- Born: 1952 or 1953 Gold Coast (now Ghana)
- Died: 22 November 2025 (aged 72) Ghana
- Other names: Willie Addo, Akpatse
- Citizenship: Ghanaian citizenship
- Education: University of Ghana, University of Leeds
- Occupations: Actor, film director and producer, lecturer
- Known for: Death After Birth, Children of the Mountain, Rejected 1 & 2

= William Addo =

Ghanaian actor (1952/1953–2025)

William Addo (1952 or 1953 – 22 November 2025), also known as Akpatse, was a Ghanaian actor and film producer who made significant contributions to the Ghanaian film industry. Before making appearances in several Ghanaian films, Addo worked as a theatre performer.

== Education ==

Addo attended the University of Ghana where he obtained a degree in Drama and Theatre Studies and was retained as a teaching assistant because of his performance. He had a scholarship to study in University of Leeds in the United Kingdom where he obtained his master's degree in Theatre Studies, majoring in Acting and Directing. He came back to be a lecturer where he was in charge of Theatre Arts Department of the School of Performing Arts, University of Ghana.

== Career ==

Addo worked at the National Theatre where he was in charge of the production of a concert party.

== Personal life ==

=== Blindness ===

Following unsuccessful surgeries, Addo became completely blind and was making a plea for help in raising funds for medication.
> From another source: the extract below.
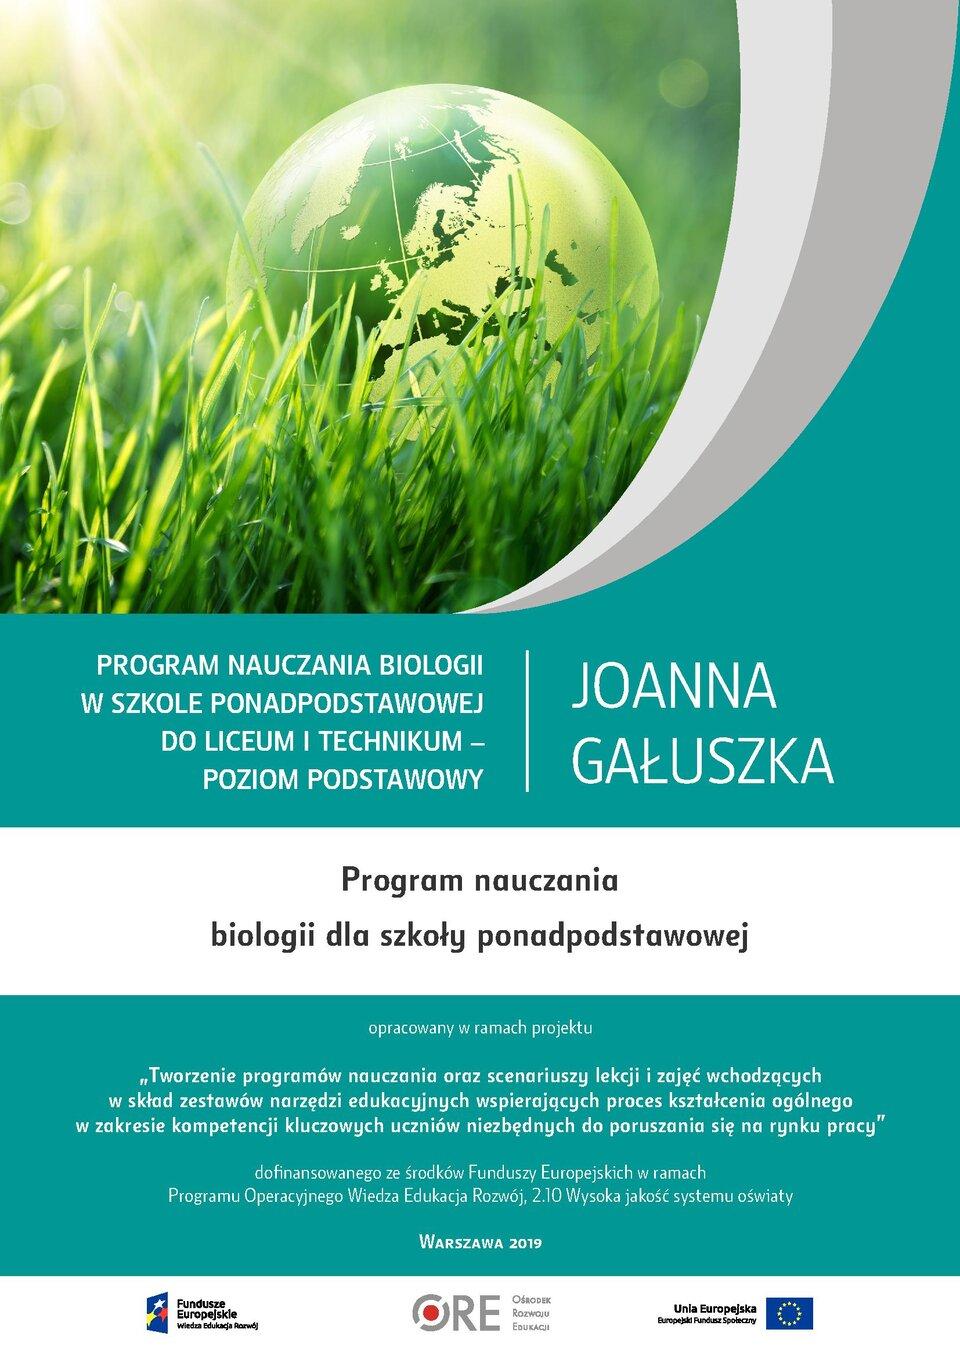 Pobierz plik: program-nauczania-biologii-pn.-program-nauczania-biologii-w-szkole-ponadpodstawowej-do-liceu.pdf

He disclosed that although doctors had diagnosed him with glaucoma and cataracts, they had also informed him that his condition was incurable.

“Hmm, I have totally gone blind...all the surgeries I underwent years back have been in vain. The deterioration of my eyes started again early last year (2018)," he sadly revealed. He continued,” When it started, I went to a hospital in Sogakope, and I underwent a series of tests, and doctors diagnosed that it is a combination of glaucoma and cataracts; and to my utter dismay, doctors told me its incurable …so am now totally blind."

=== Death ===

Addo died after a long illness on 22 November 2025, at the age of 72.

== Filmography ==

- Rejected 1 & 2 (1994) as Kojo Davidson
- Obaa Hemaa (2007) as Efo
- The Pastor's Wife (2008) as Pastor Attipoe
- Sikawura (2009) as Mr. Narh
- Death After Birth (2011) as Mr. Asare
- Chronicles of Odumkrom: The Headmaster (2015) as Opanyin Acheampong
- Children of the Mountain (2016) as Xsavo

== Other works ==

Seasons from 1985 to 1986 at the Trinity Repertory Company Theatre in Providence, Rhode Island, he performed in George M. Cohan's play "The Tavern," alongside the actors Frederick Sullivan Jr., Becca Lish, Keith Jochim, David Kennett, William Damkoehler, Margot Dionne, Ed Hall, Barbara Blossom, Jennifer Van Dyck, Steven Jermanovich, Howard London, John Robert Wright, Paul Buxton, and Henrik Kromann. The director was Tony Giordano. Designer of the scenery was Robert D. Soule. Lighting was created by John F. Custer. William Lane created the costumes.